= Jane Singleton =

Australian broadcasting and print journalist, company director

Jane Singleton (born 13 January 1947) is an Australian broadcasting and print journalist, company director and public relations professional.

== Journalistic career ==
Singleton began her journalistic career as a cadet at The Age newspaper in Melbourne. At 22 she went to China during the Cultural Revolution. Later she went to Hong Kong where she sub-edited the South China Morning Post. In Brazil she was correspondent for the Financial Times and The Economist and reporter for the ABC News. Singleton also wrote for the English language daily The Brazil Herald but ran foul of the Brazilian government. Her visa was cancelled and she escaped to Chile in the boot of a car three days before the assassination of President Allende.

In Australia she worked on regional ABC radio in Albury and Longreach before moving to Brisbane where she became Queensland compere for the ABC program Nationwide. In Sydney she compered City Extra and The 7.30 Report.

Singleton's career in broadcasting has spanned public broadcasting and the commercial media in Australia (2GB, ABC and SBS). She has been a Walkley Awards judge and federal vice president of the Australian Journalists Association. Career highlights include coordinating Nelson Mandela's visit to Australia in 1990 and working on the Maritime Union's communications during the Patrick waterfront dispute.

== Teaching ==
Singleton taught journalism at University of Technology Sydney, other Australian universities and at the Australian Film, Television and Radio School. She has delivered innumerable lectures and speeches on journalism, advocacy and human rights.

== Community and corporate roles ==
Singleton has directed and chaired the NRMA, the Australian Consumers Council, the Council of the National Gallery of Australia, the first Federal Presidency of the Media, Entertainment & Arts Alliance, the journalists' union and the Executive of the International Federation of Journalists. Jane chaired the international aid agency ChildFund, was on the Executive of the Australian Council for International Aid and was CEO of the Australian Reproductive Health Alliance.
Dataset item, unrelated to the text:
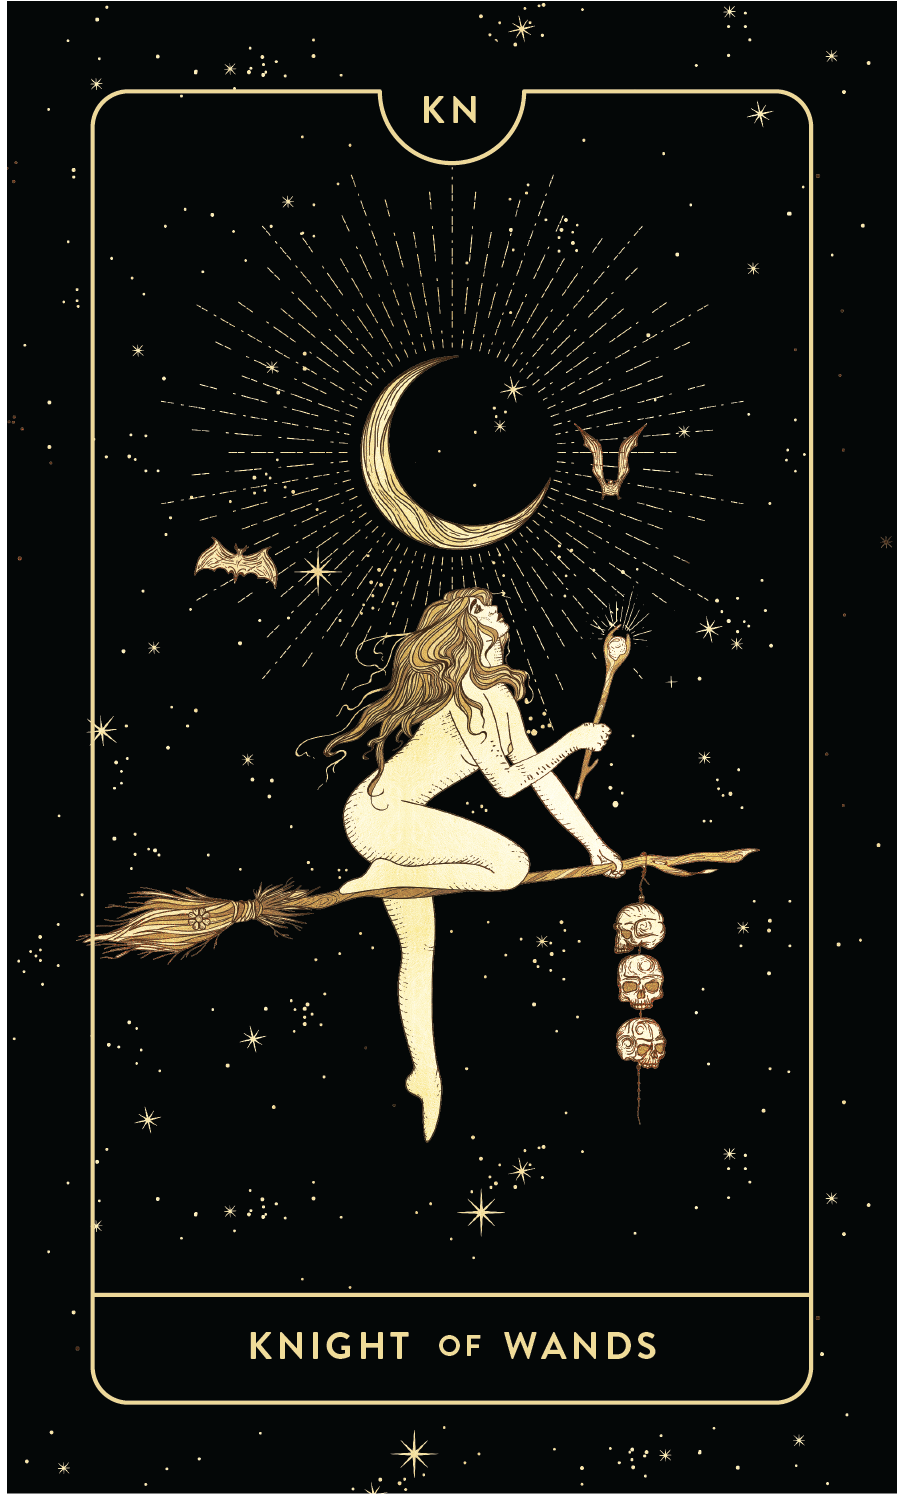 KNIGHT OF WANDS

She was also a member of the Independent Complaints Review Panel for the ABC. Most recently Jane was CEO and Director of the Sydney Peace Foundation, which awards Australia’s only international peace prize, and she continues her consultancy in advocacy and strategic advice. Singleton is the director of her own public affairs consultancy, Jane Singleton Public Affairs Pty Ltd.
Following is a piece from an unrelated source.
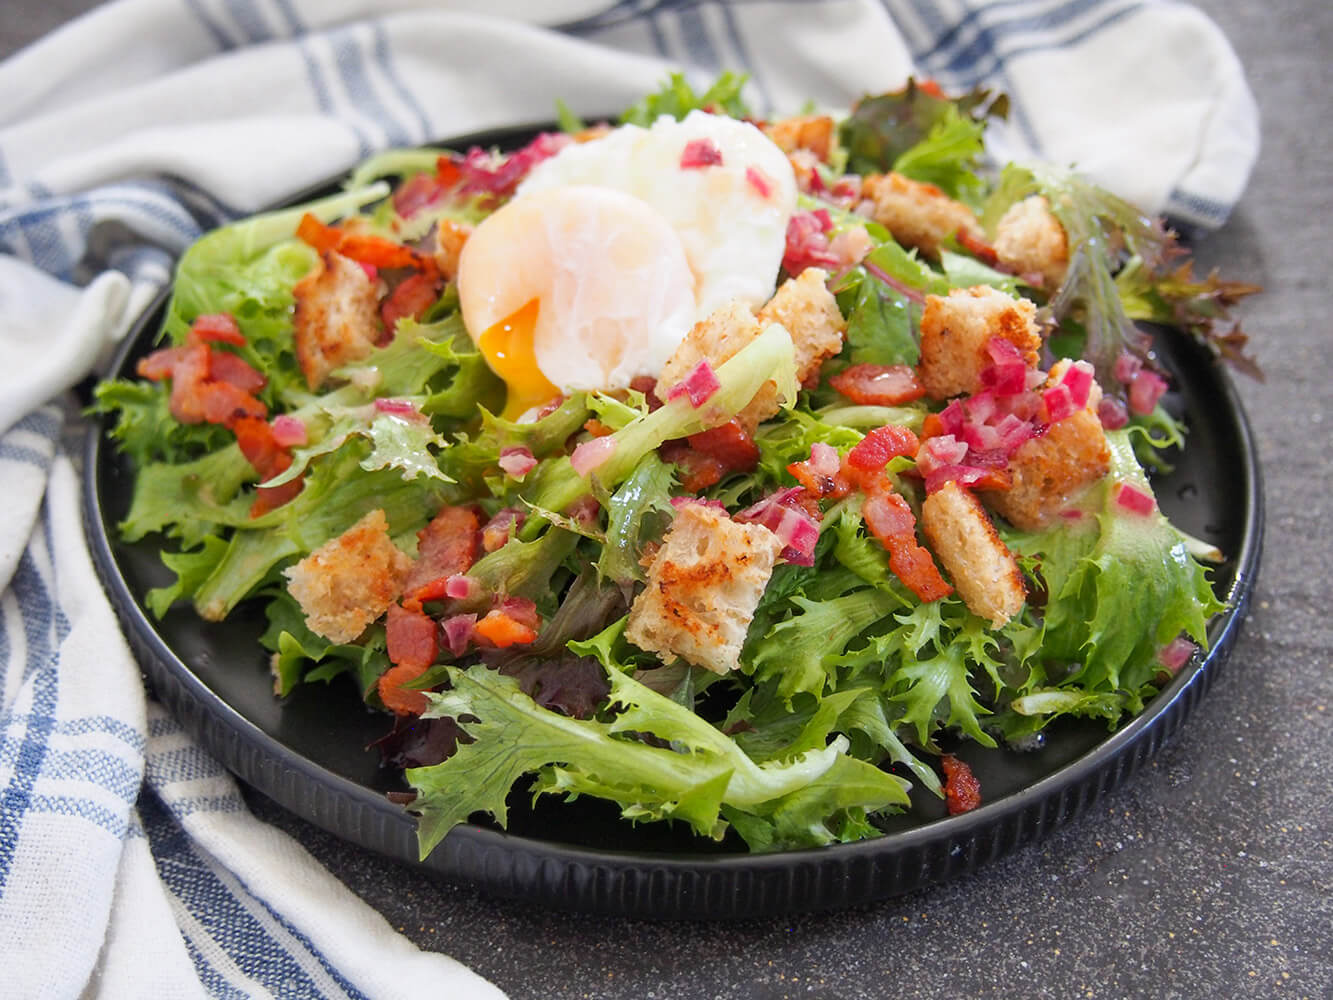 salade Lyonnaise - a simple green salad with bacon and egg on top

In 2020 she published What Katie Did, a biography of K. Langloh Parker, author of Australian Legendary Tales.

== Awards ==
In the 2005 Queen's Birthday Honours (Australia) Singleton was made a Member of the Order of Australia (AM) for "service to the media and to the community through a range of industry, arts, charitable and consumer organisations".

==Works==
- Singleton, Jane (2020). "What Katie Did: How a white woman in remote Australia notated an Aboriginal language and legends in the 19th century"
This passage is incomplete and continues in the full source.